C&T SuperMATH 38700DXProduced by Chips&Technologies, this is the latest entry into the 387- compatible marketplace. Originally announced in October, 1991, it has apparently not been available to end-users before the third quarter of 1992, at least here in Germany. My tests show that its compatibility with Intel products is very good, even for the more arcane features of the 387DX and comparable to the coprocessors from Cyrix. Like these chips, it passes the IEEETEST program without a single failure. It passes, of course, all tests in Chips&Technologies' own compatibility test program, SMDIAG. However, some of the tests (the transcendental functions) in this program are selected in such a way that the C&T 38700 passes while the Cyrix 83D87 or Intel RapidCAD fail, so they are not very useful. (There is also a 'bug' in the test for FSCALE that hides a true bug in the C&T 38700.) My tests show the accuracy of the transcendental functions on the C&T 38700DX varies. Overall, accuracy of the transcendentals is slightly better than on the Intel 387DX.

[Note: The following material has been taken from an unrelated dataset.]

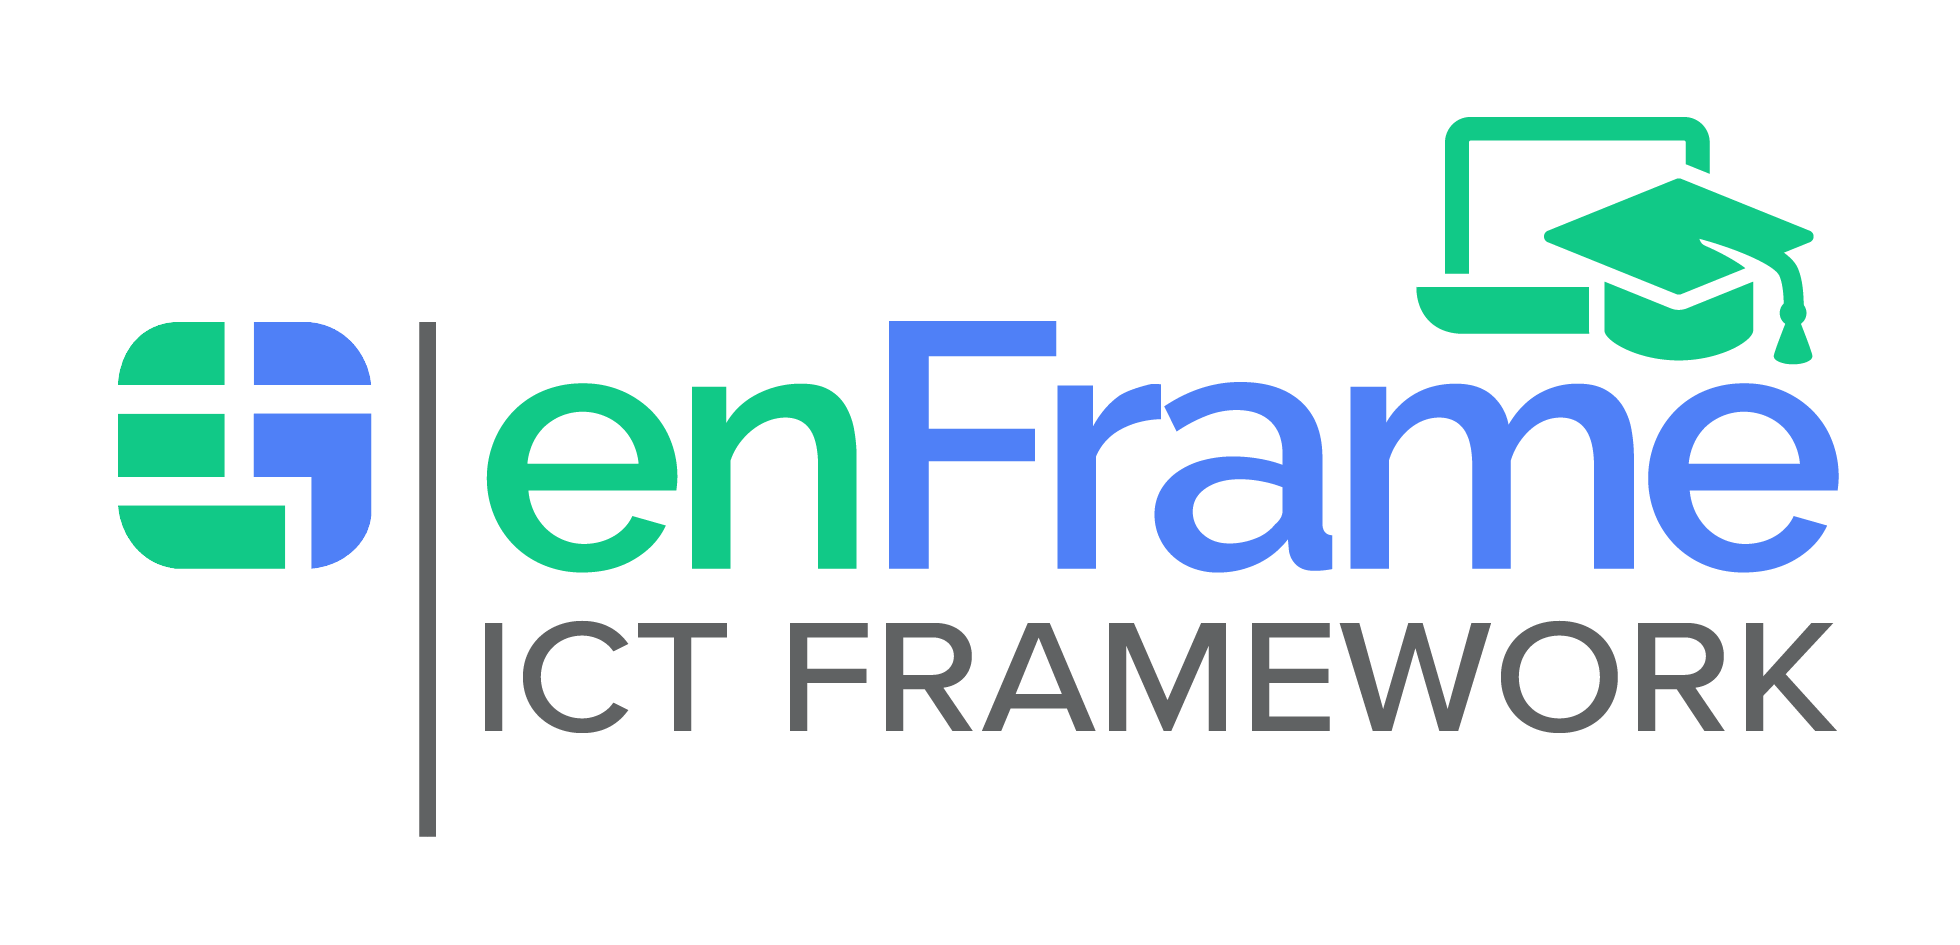 enFrame ICT Framework Logo no cic - Full colour v0622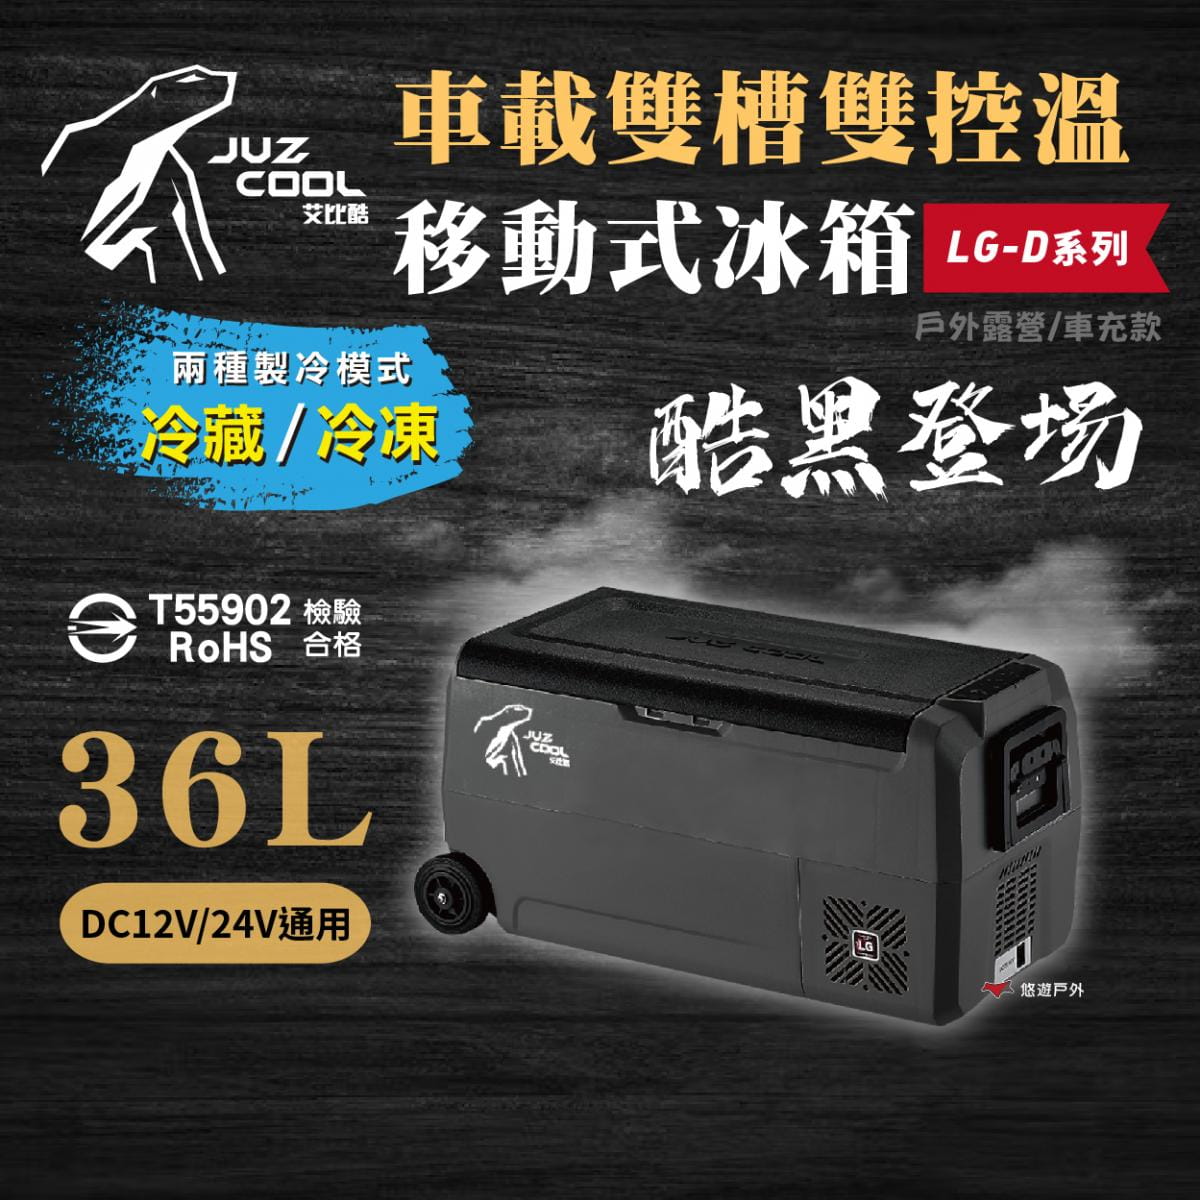 【艾比酷】雙槽雙溫控車用冰箱LG-D36 (悠遊戶外) 1

In my own speed tests [see below] and those reported in [1], the C&T 38700DX showed performance at about 90-100% the level of the Cyrix 83D87, which is the 387 clone with the highest performance. For floating-point-intensive benchmarks, the C&T 38700DX provides up to 50% more computational performance than the Intel 387DX. However, as with all other 387 compatible coprocessors, the speed advantage over the Intel 387DX is far less significant in real applications.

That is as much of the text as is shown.